简体   繁体   English

使用 Python 解析 xml 以提取 div 之间的内容

[英]Parse xml to extract the contents between div using Python

I have the below data which is stored in a string. It resembles xml. Is there a way that I can extract the contents of div class "page" and extract all the text under it?

Started with the below code.从下面的代码开始。 However tree.text returns None.然而 tree.text 返回 None 。

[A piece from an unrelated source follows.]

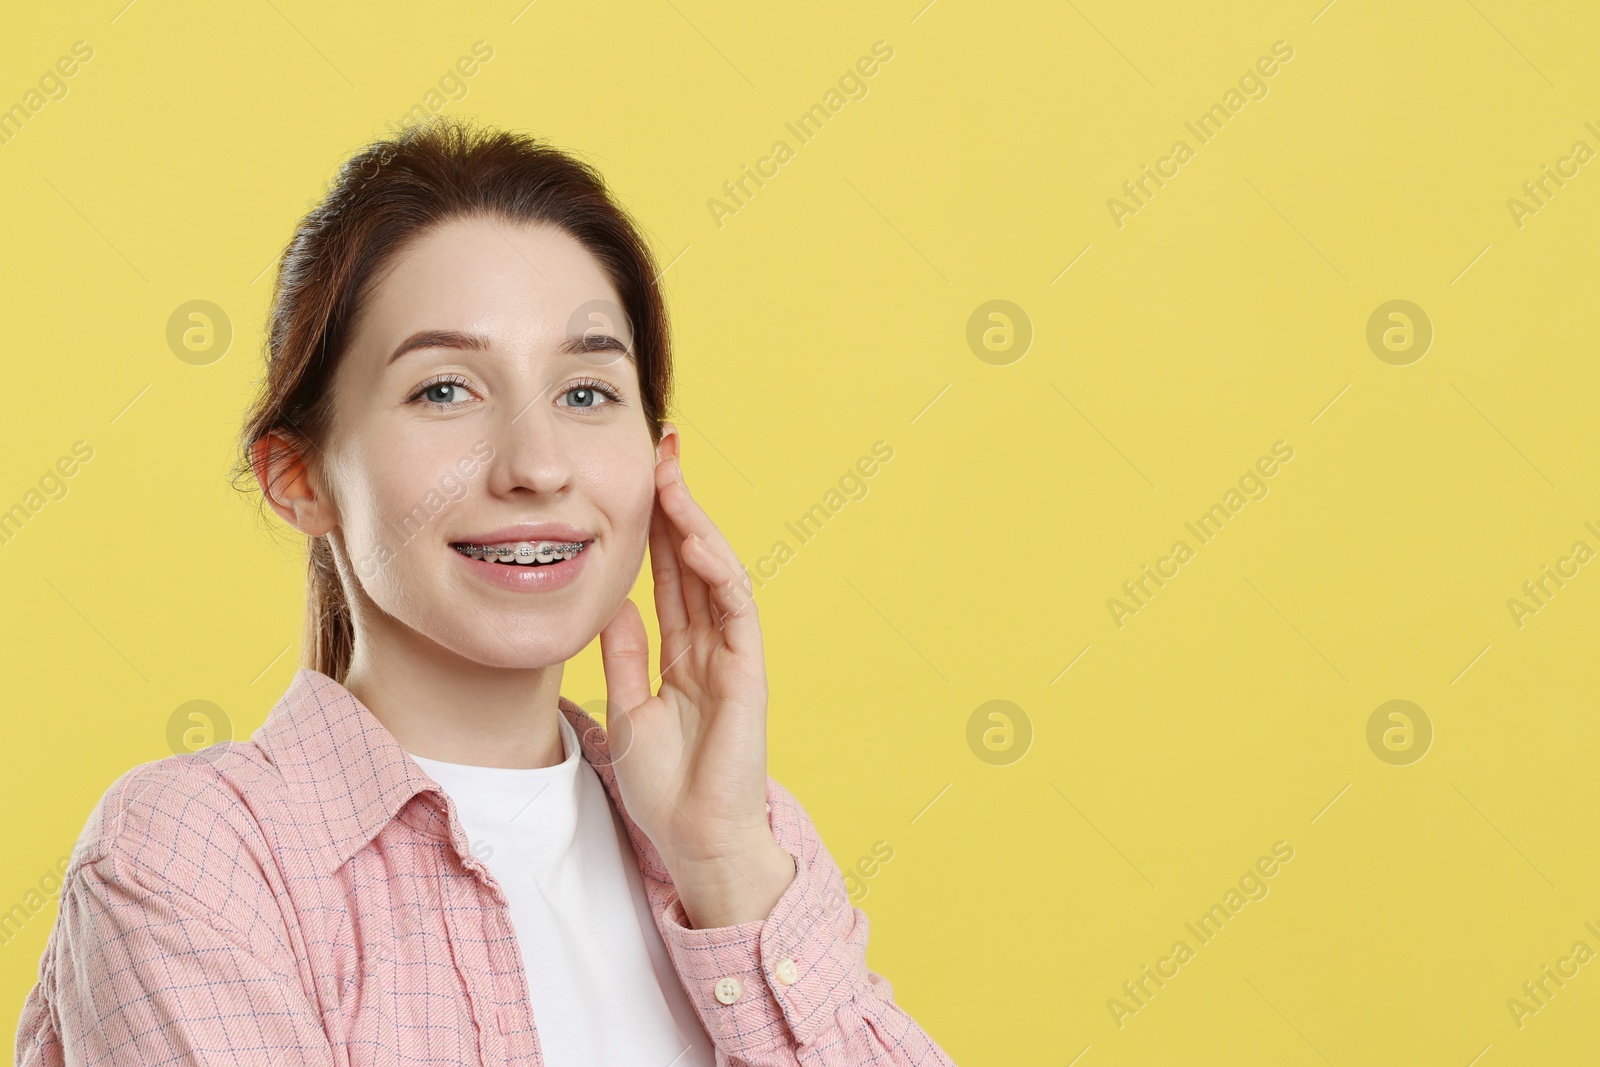 Photo of Portrait of smiling woman with dental braces on yellow background. Space for text
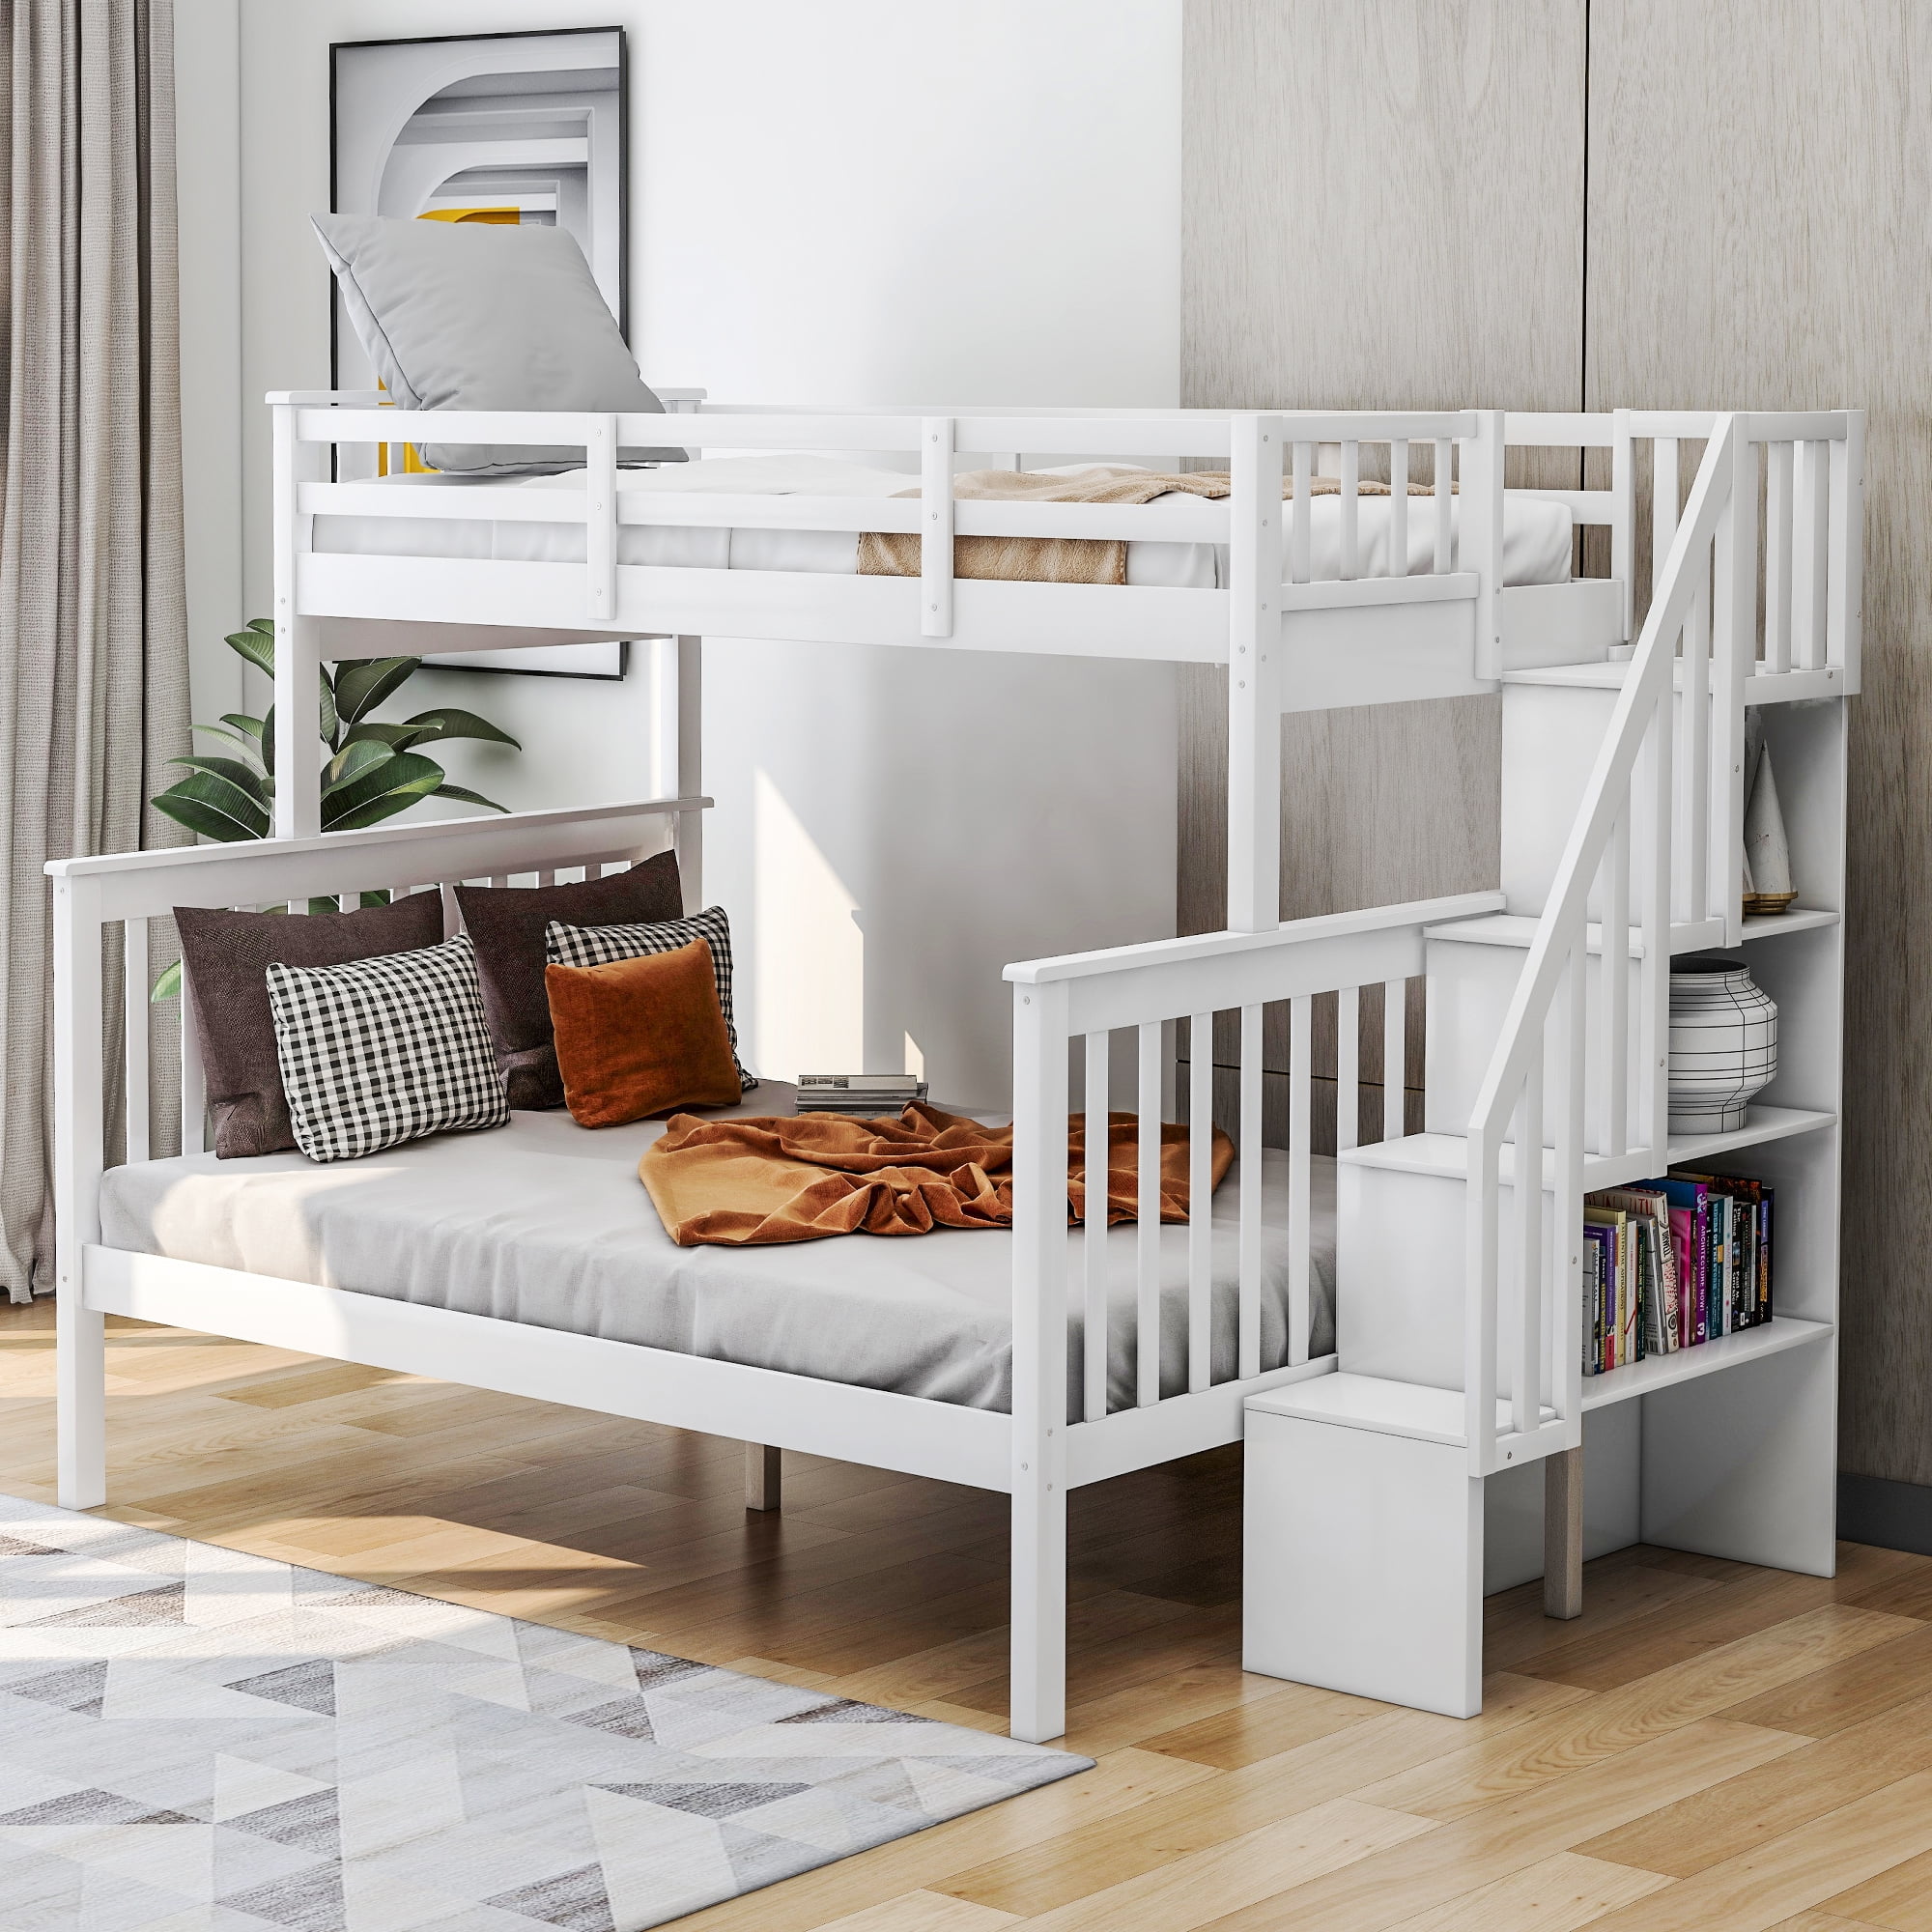 Twin Over Full Bunk Bed Frame Hardwood, Hardwood Bunk Beds With Stairs

import xml.etree.ElementTree as ET   
xml = ET.fromstring(str_content)  
for tree in xml:    
        print(tree.text)



  <html xmlns="http://www.w3.org/1999/xhtml">
    <body><div class="page"><p />
    <p>Hi This is the content to be parsed!!! 
    Extract the text. 
    Done </p>
    <p />
    </div>
    <div class="page"><p />
    <p>Hi This is the content to be parsed!!! 
    Extract the text. 
    Done </p>
    <p />
    </div>
    </body></html>

Sample input and output for multiple <p> within div:

    <html xmlns='http://www.w3.org/1999/xhtml'>
    <body><div class='page'><p />
    <p>Text in 1st line
    </p>
    <p>Text in 2nd line
    </p>
    <p>Text in 3rd line</p>
    <p />
    </div>
    <div class='page'><p />
    <p>Text in 1st line 2nd page
    </p>
    <p>© Text in 2nd line 2nd page
    </p>
    <p>Text in 3rd line 2nd page
    </p>
    <p>Text in 4th line 2nd page.
        Still in the same para.
        I want to preserve spaces and newlines
    </p>
    <p>etc 
        etc,
        ectc
    </p>
    <p>some info | 2018-11-09 1</p>
    <p />
    </div>
    </body>
    </html>

Output for the above:以上输出:

Page no.1...第 1 页...

Text in 1st lineText in 2nd lineText in 3rd line第一行文字第二行文字第三行文字

Page no.2...第 2 页...

Text in 1st line 2nd page© Text in 2nd line 2nd pageText in 3rd line 2nd pageText in 4th line 2nd page.第一行第二页中的文字© 第二行第二页中的文字第三行第二页中的文字第四行第二页中的文字。 Still in the same para.仍然在同一个段落中。 I want to preserve spaces and newlinesetc etc, ectcsome info |我想保留空格和换行符等,ectcsome info | 2018-11-09 1 2018-11-09 1

This script uses beautifulsoup to locate the <div>s and extract the text from them.此脚本使用beautifulsoup来定位<div>s并从中提取文本。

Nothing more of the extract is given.